Monday, December 18, 2006

What I Should Be Doing

I had some plans for a meaningless post about what I've been doing with my life, to make sense of why I haven't been around as much. But in making my rounds, I found a surprising post on Beth's blog (Shirk Ethic, December 16th 2006) concerning the abysmal work ethic of the average American. Don't be afraid to click through, no matter what end of the aisle you stand on.

When I was a teenager, I was probably no different than most boys my age. I didn't have an eye on the future, even as it was clamping down on me like one of those anvils that the road runner would drop from a high cliff onto the coyotes head. I think my dad finally figured out that I wasn't going to make much of myself, that he hadn't taught me a backup skill in case I didn't go to or do well in college.

His friend George had three sons, each being a master carpenter by the time they graduated from high school. On this point I am deadly serious, because they could, without their father, build a home from a grassy field. Me, I wasn't qualified to carry any of them a handful of nails. So my dad decided that I would learn.

On Friday and Saturday nights, I drank until two or three in the morning, but when the rooster crowed, my dad kicked me out of bed, and the hangover would be sweated out while packing sheetrock on my shoulders, and laziness was not abided. Full tilt was the only speed setting I had, and if I stumbled, my dad was there to kick my ass.

Fast forward five or six years, and I've got my own crew, building roofs and barking orders, up at the crack of dawn, running on my own steam. I was proud and I was good.

Fast forward fifteen more years, and I'm sitting behind a computer, surfing the net, writing this blog post, commenting on yours, dreaming about writing a novel, doing what I can to get by, knowing that there really isn't much chance of getting caught. I once worshipped Ayn Rand for the work ethic she espoused, even though she was a bit harsh, still, there was a romance to the notion of working hard and earning every dollar I make.

But that isn't so.

I do good work, when I do it, but I'm not that young man that sinks nails with a single swat anymore.

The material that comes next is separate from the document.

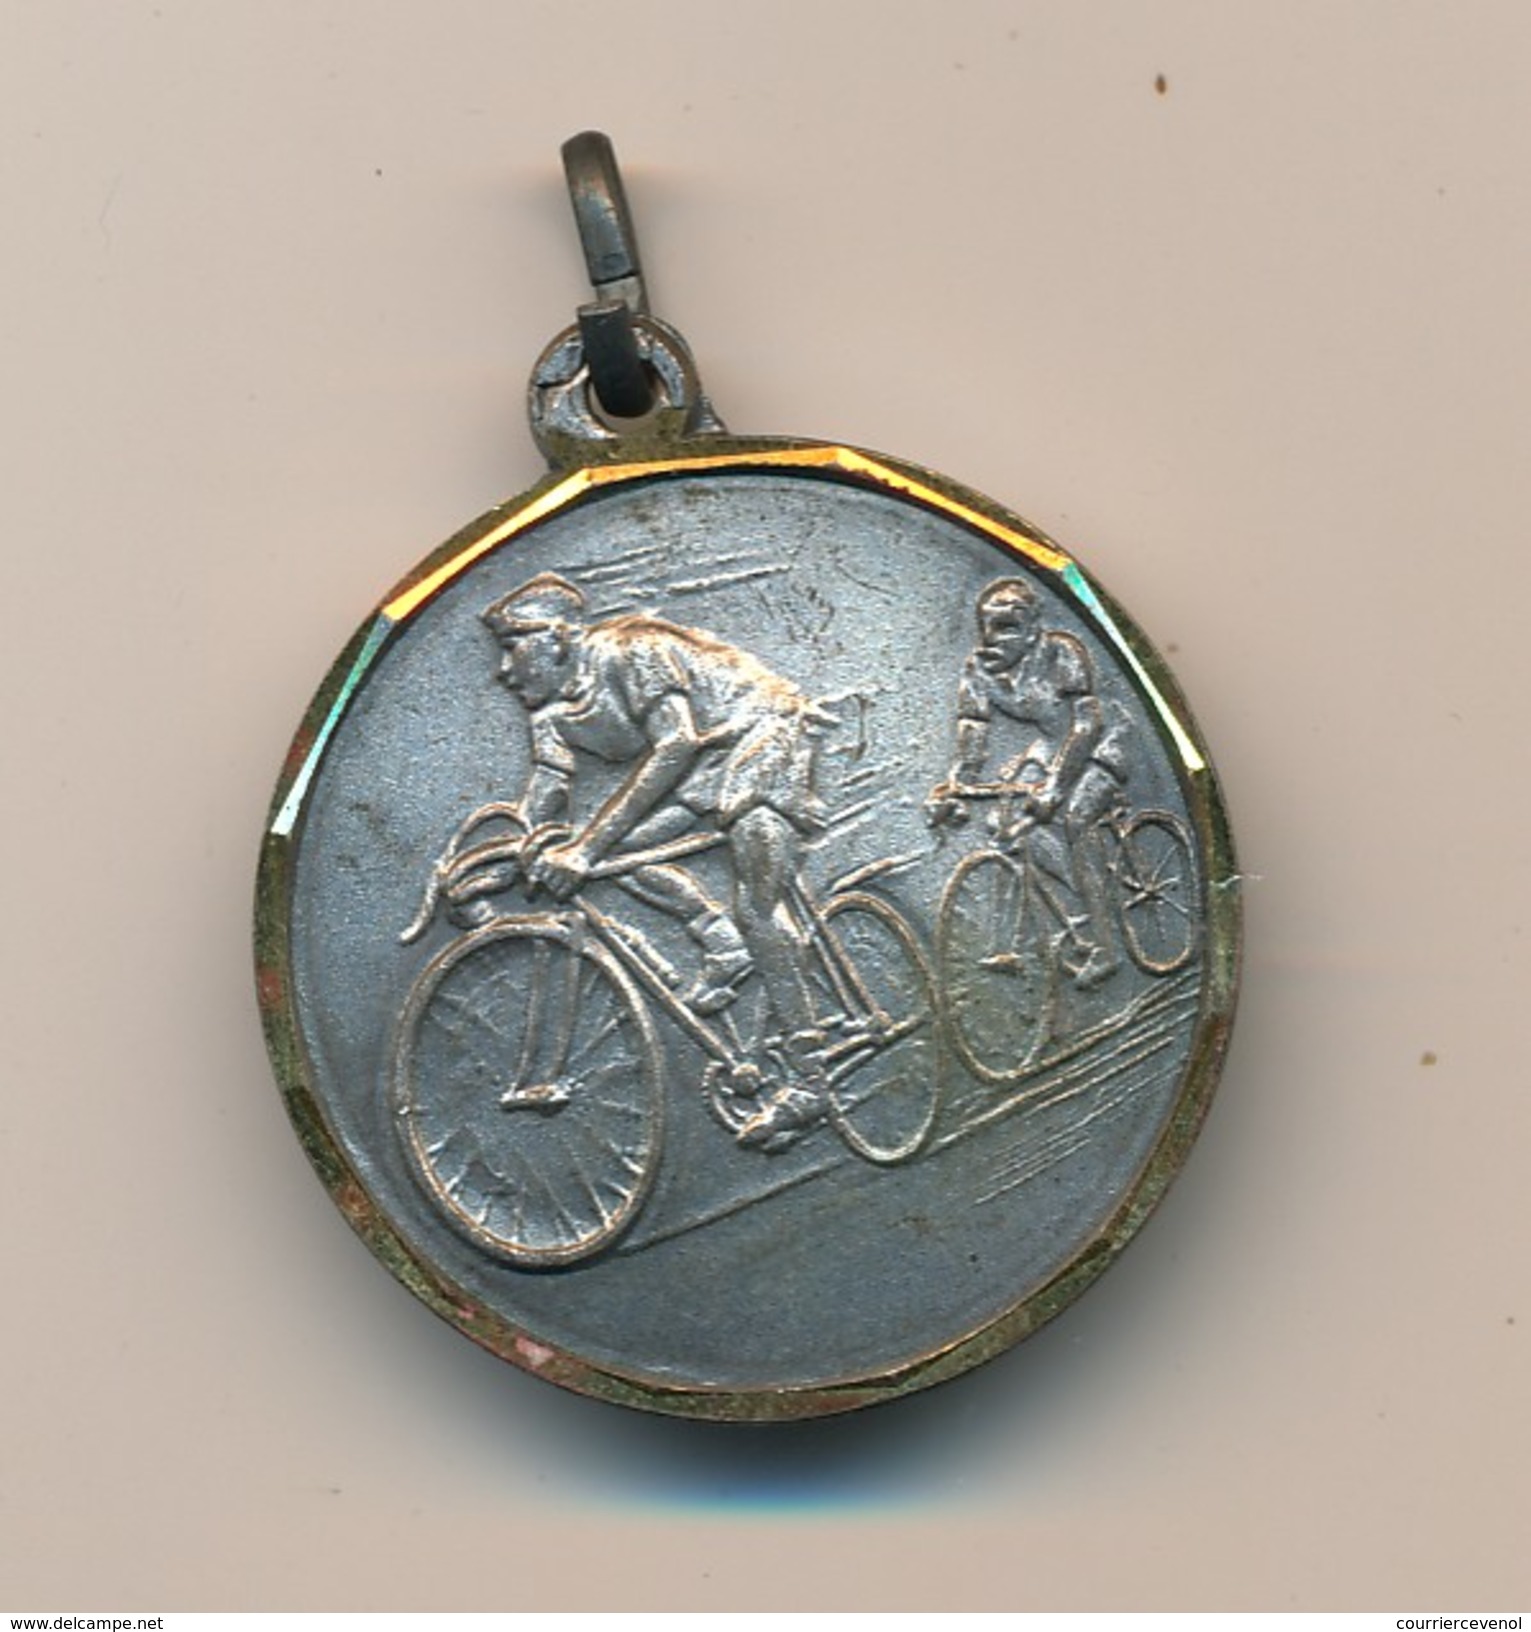 Petite Médaille (cyclistes) - P.J Rallye Du Castellet - Ciclismo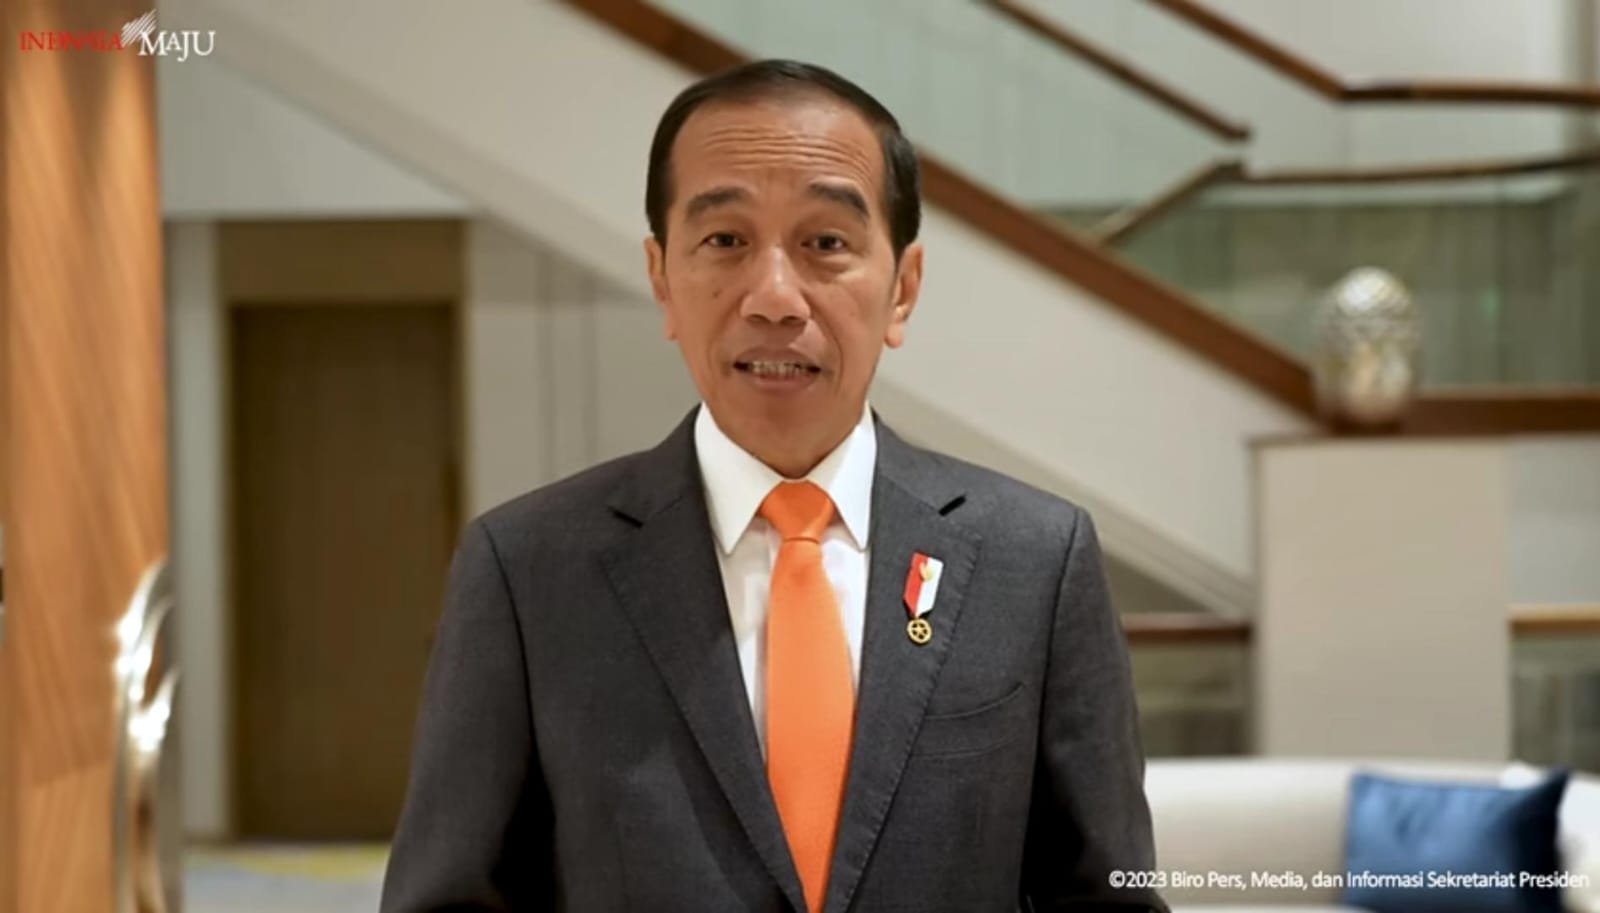 Jokowi Sentil Gubernur Bali Soal Baliho Ganjar-Mahfud dan Atribut PDIP Dicopot: Izin dan Netral Dong!

If I want to make a difference, if I want to squawk about the influx of foreign labor, and the exportation of jobs to India and other nations abroad, shouldn't I be doing the best job that I am capable of doing?


Bailey Stewart said...

I think we all have fallen into that trap - I know I have. At my job I just got tired of running around trying to get things done while others were getting paid the same thing and all they did was put up a few books, surf the internet and read. Another reason to move on to something else.

Jada's Gigi said...

Ouch! hard hitting there! like bailey..I think we have all fallen into this...sad to say, you I had a serious work ethic as a young person...but somewher along the way I found that I could get as much done as the next person...doing half as much work...
I think it rests somewhere in the "making a difference" factor...if I think I am, then I can work circles around most everyone I know...and still do on occasion...:)

trinamick said...

I make sure I have my work done before I start goofing off, and my boss doesn't care, since he knows I'm actually doing the work of two people. That said, if I'm on a job where that isn't allowed, I don't sneak around to do less. Too many people today work harder to get out of work than they would if they just shut up and did the job.

Moni said...

Maybe it's just that we get tired of trying to do a good job only to have it go unnoticed or unappretiated, or worse; someone else taking the credit.

No excuse probably for not doing the best job one can possible do, but the case of advancement at any job soley on your work and with out kissing major ass is slim to nil.

But still...I read somewhere that with the exception of Japanese workers, American workers put in more hours than any workers world wide.

Toni Anderson said...

My husband teaches at the university. He works holidays, goes in early and stays late. His students don't have to attend any lectures. Have up to 3 resits to do their exams (and I mean they can just not turn up for those exams and still eventually take them at their leisure...)

It is the same in the UK. Universities became corporate and quality went downhill. What does it teach people about deadlines and motivation? Not a lot.

I blog because I'm a mom and a writer and move around too much. But. If I have work to do I do it first. Gotta love goofy off ocassionally but not as a habit ;)

Toni Anderson said...

Goofing not goofy LOL. Disney on the mind :)

Ultra Toast Mosha God said...

In a word, yes.

Beth said...

How in the heck did I miss this post? I was the star of it! OK, had to try and laugh about it.

I really feel there is no excuse for not doing your best work -- no matter what the task.

However, my husband is a workaholic. He works an extra two days in hours than he needs to in order to do a stellar job and that's just not right. I always say if he was more organized, the hours would cut down for him.

So, I feel the goal is to do the best job possible in the most organized manner possible. Then let your down time be absolutely slothy (which I know isn't a word).